## Task directions
Without any pictures, retype exactly the lines that begin at the one holding "Letter from Santford" and end at the last line of the data below.

## Provided material
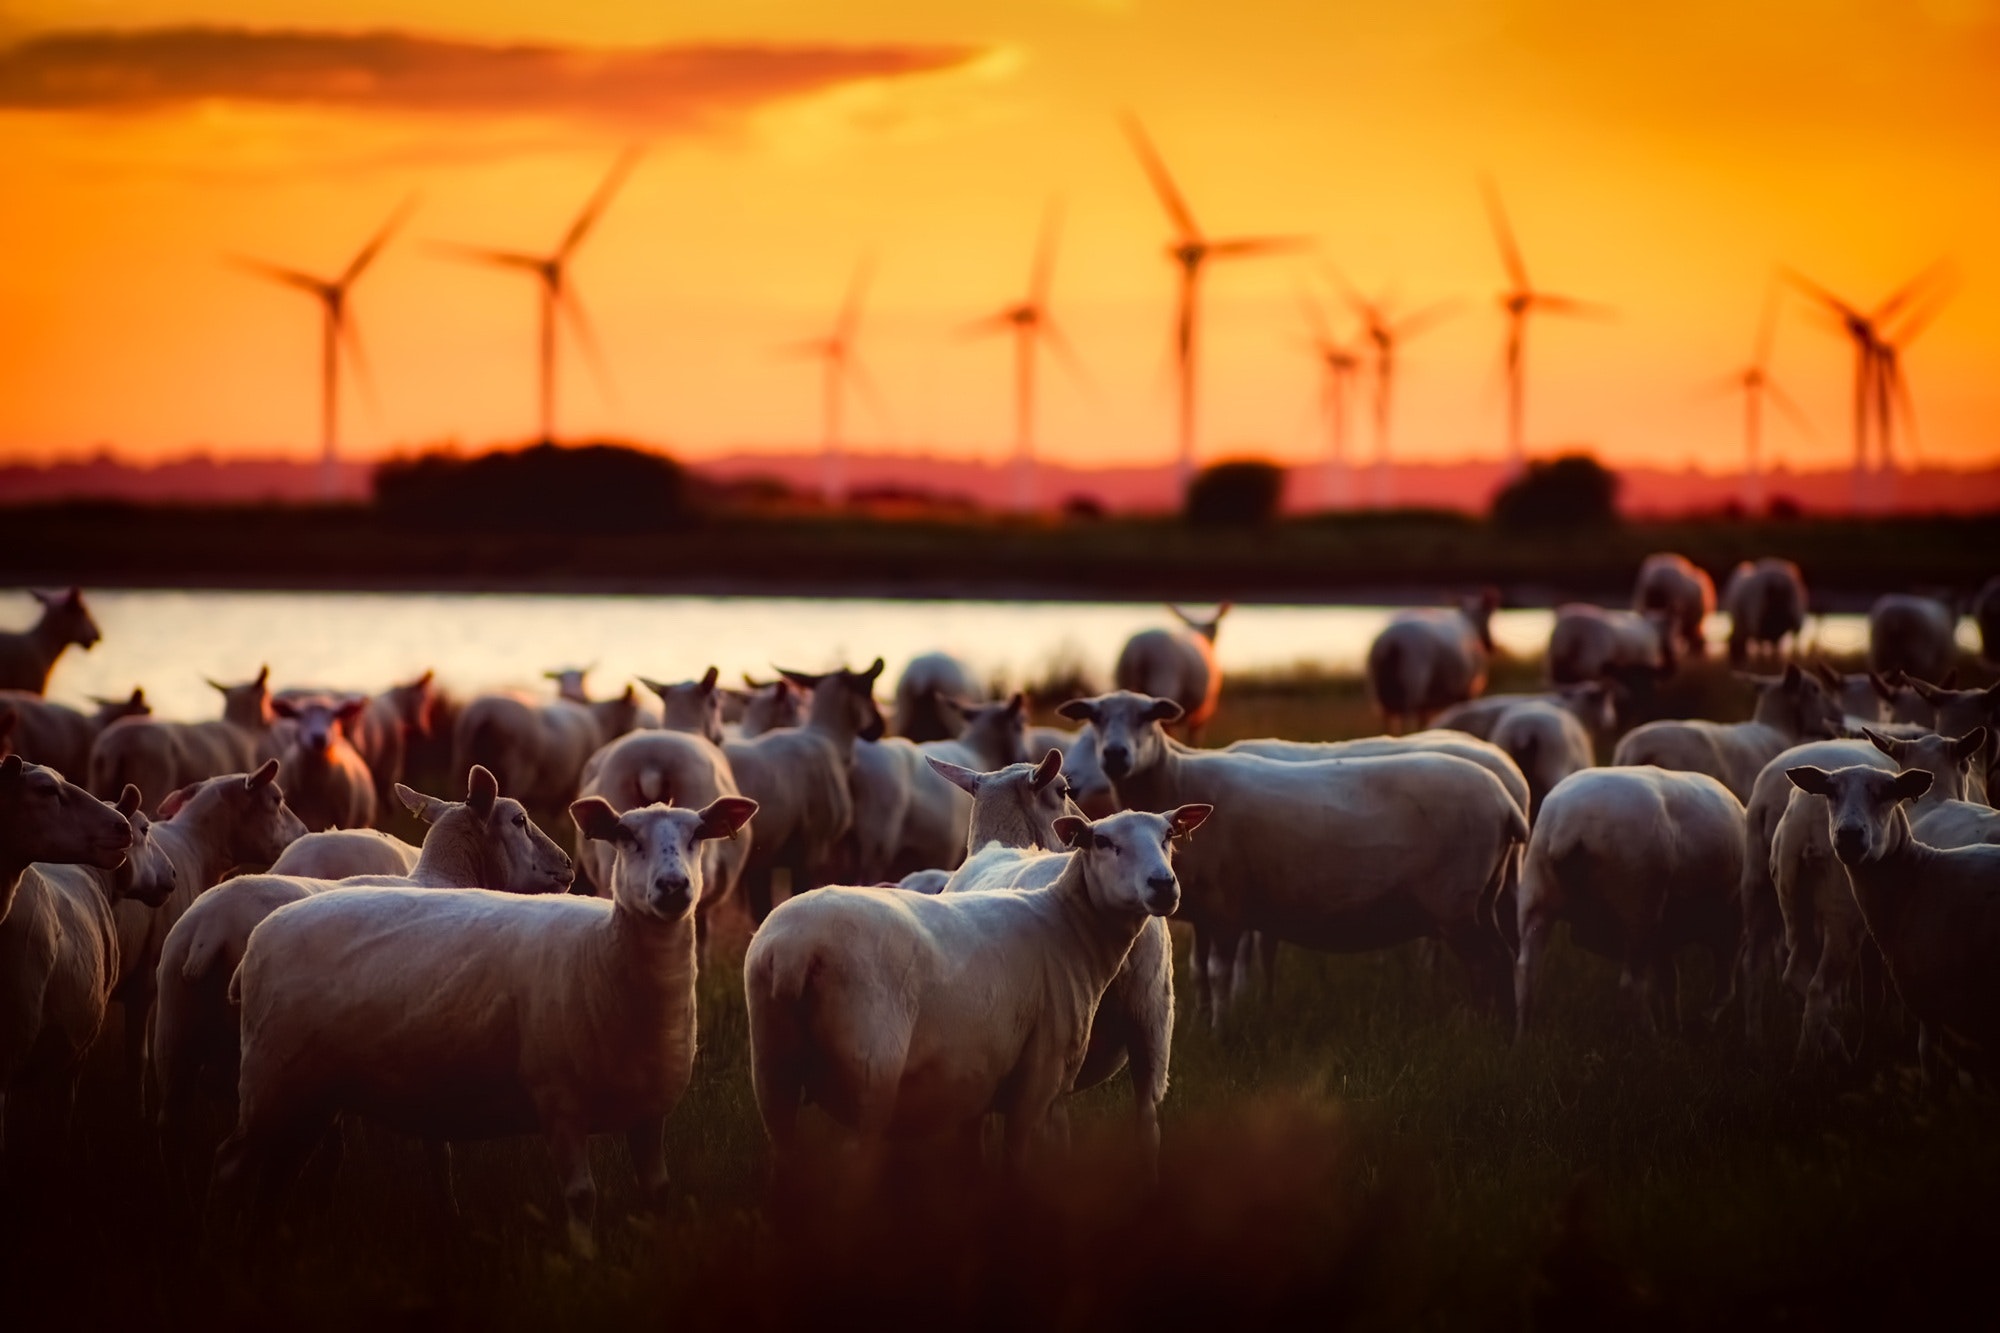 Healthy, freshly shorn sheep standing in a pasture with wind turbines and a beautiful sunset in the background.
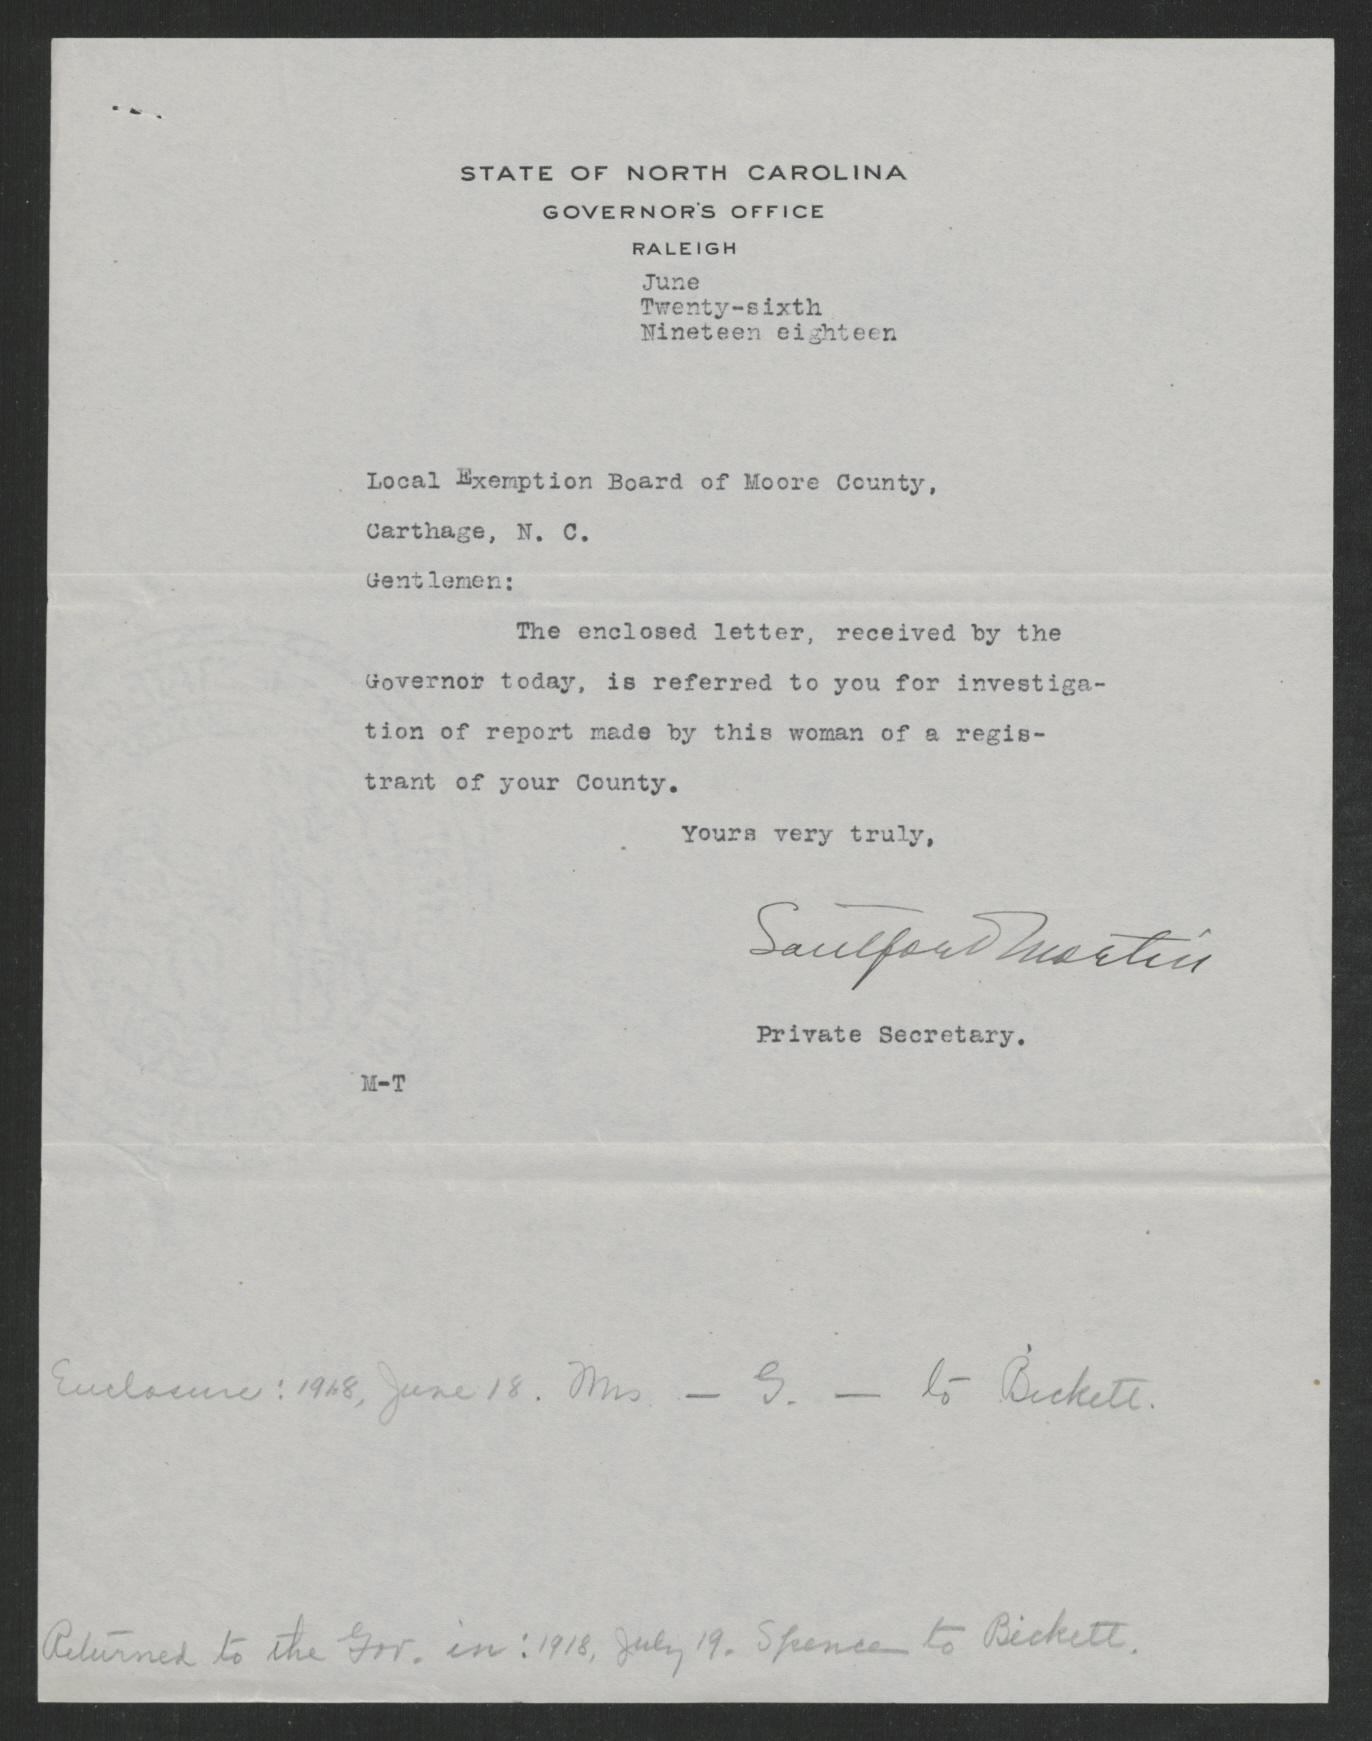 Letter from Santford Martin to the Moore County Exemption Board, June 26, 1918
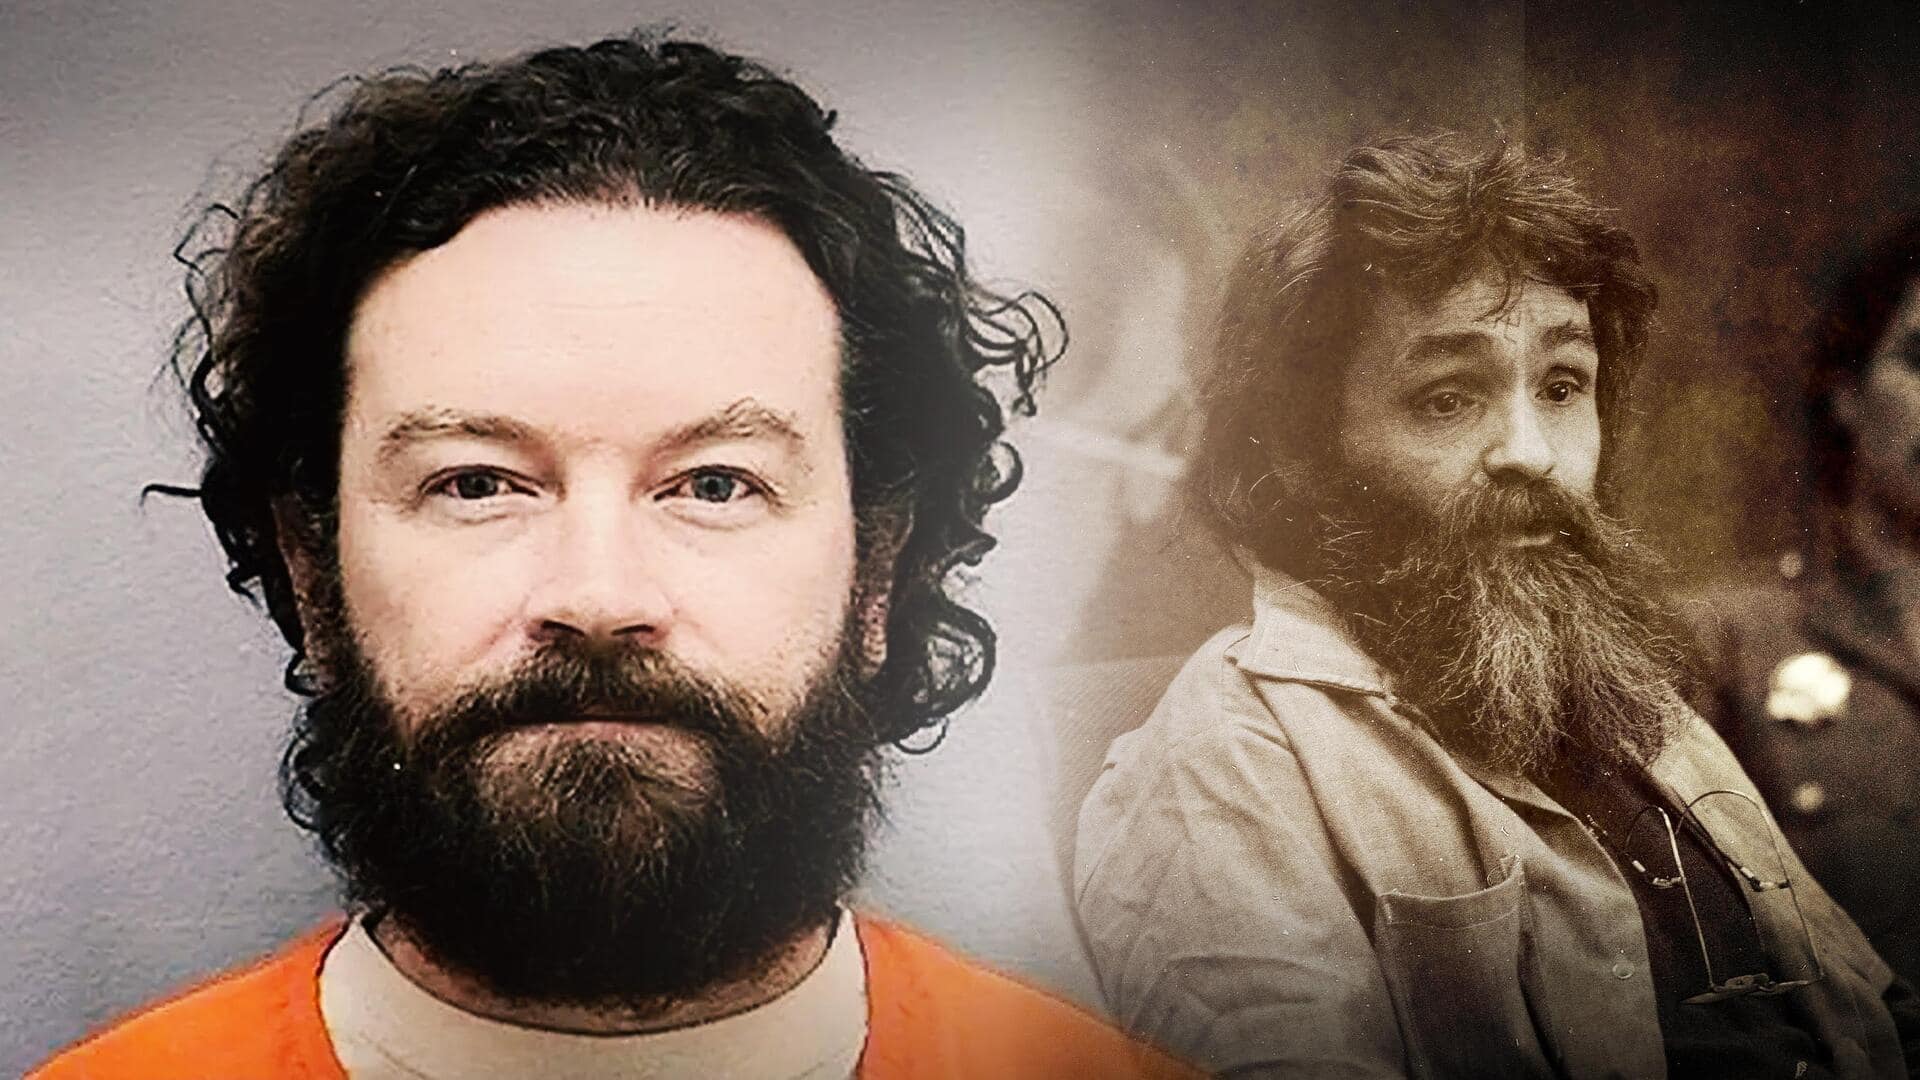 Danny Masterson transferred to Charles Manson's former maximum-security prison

## Response to the task
 Letter from Santford Martin to the Moore County Exemption Board, June 26, 1918
 Danny Masterson transferred to Charles Manson's former maximum-security prison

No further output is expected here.